The Liberal-CSU conflict harks back to the days when both conservative parties -- the Bavarian CSU and its sister CDU in the rest of West Germany -- opposed the ``Ostpolitik'' introduced by the then Social Democratic-Liberal coalition in the 1970s.
The argument simmered down when the Liberals switched sides and brought the conservatives to power in 1982 -- and when Dr. Strauss himself became a major actor in d'etente by arranging for loans to East Germany by (primarily) Bavarian banks two years back.
In that period, representatives of postwar German refugees from areas that were taken from Germany and given to Poland kept up the accusations that Mr. Genscher was too soft in not pressing claims for an eastward revision of the Polish-East German border. The big gun of Franz Josef Strauss was himself silent, however -- until Strauss rejoined the refugees this summer in scoring Genscher's d'etente.
Both Strauss and the refugees took particular offense at Genscher's use of the adjective ``new'' in describing West German goals in Ostpolitik.
This past weekend Strauss also twisted the knife by noting his own interest in becoming foreign minister; no one, he said, has a ``permanent'' claim on the Foreign Ministry.

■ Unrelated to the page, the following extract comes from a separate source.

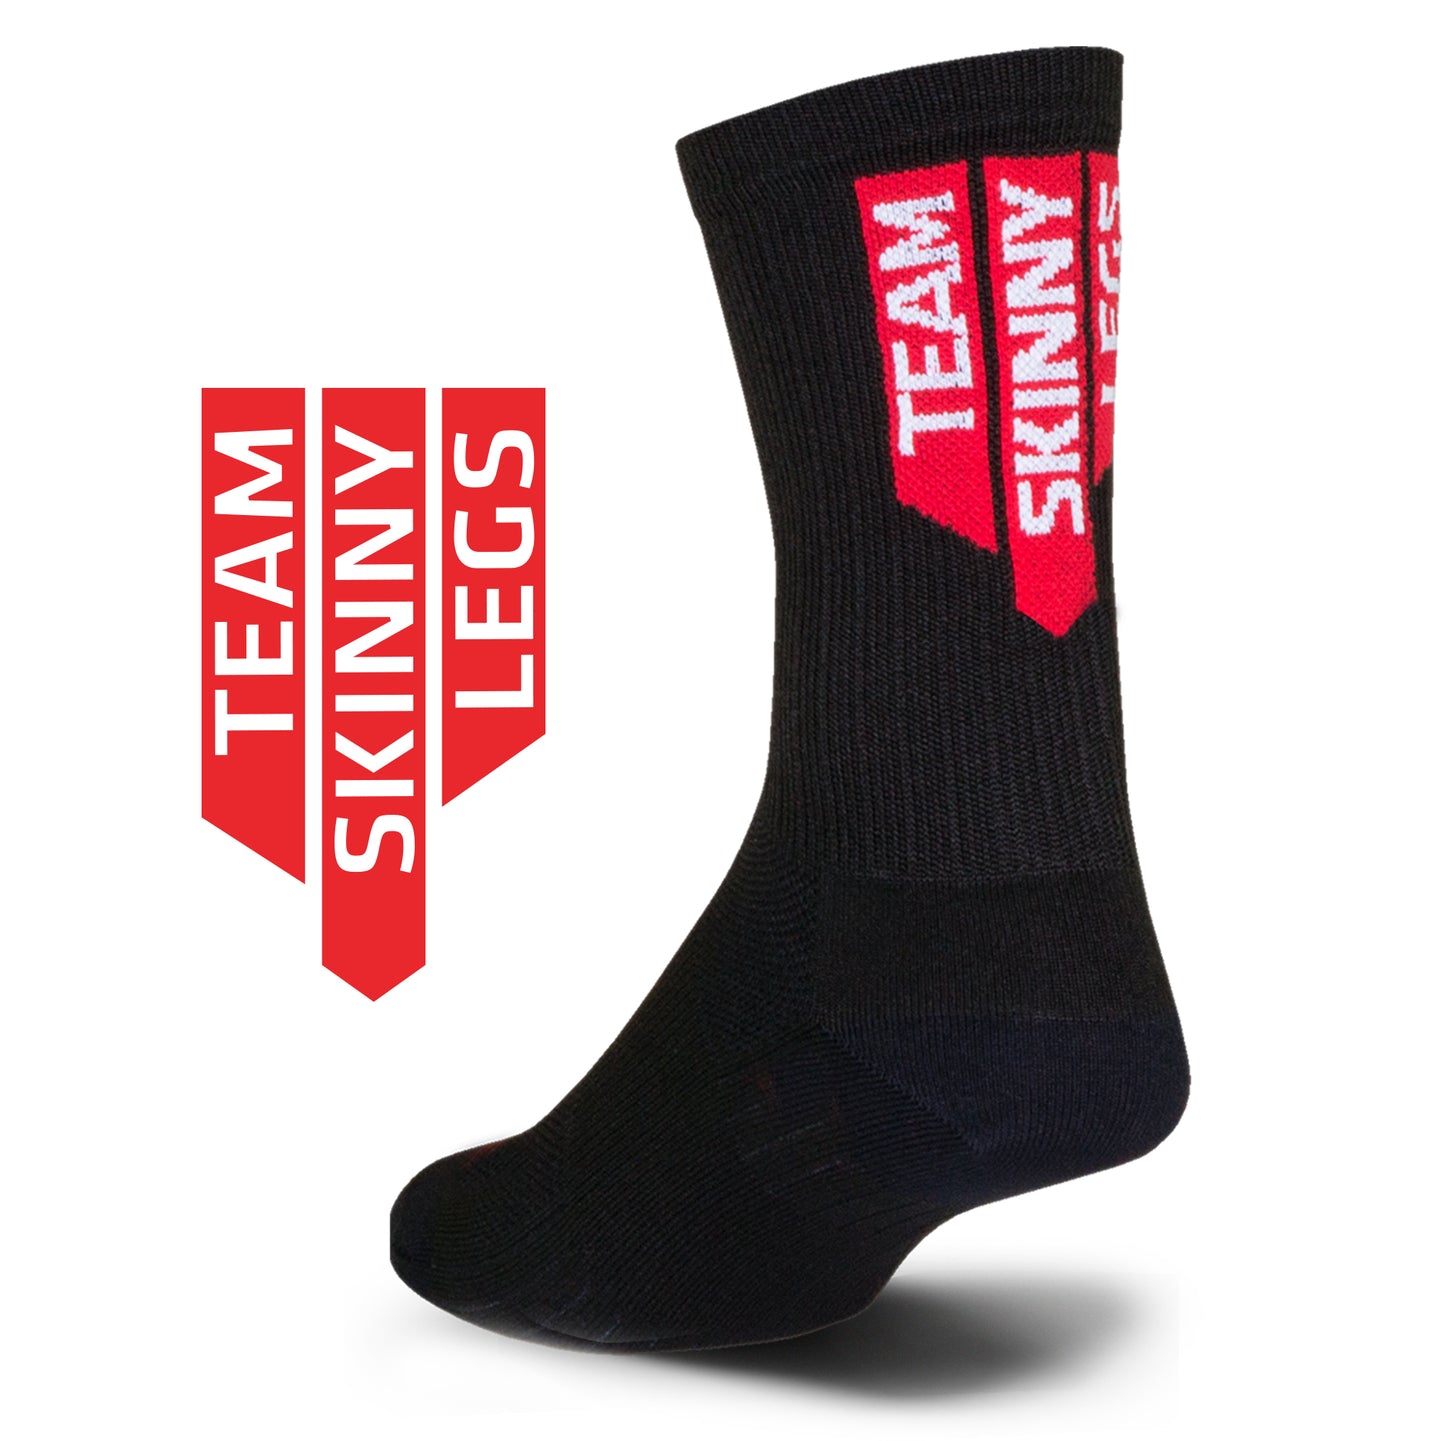 TSL Socks - 6" RED

Genscher -- who has worried that the hard-won postwar reconciliation between Bonn and Warsaw might be jeopardized by the German refugees' demands that Polish Silesia eventually revert to a reunified Germany -- did add another cautionary adjective, ``realistic,'' to modify ``d'etente policy.''
Otherwise, he didn't backtrack.
The chairmen of the three coalition parties are to get together sometime within the next few weeks to hammer out a common policy on Ostpolitik.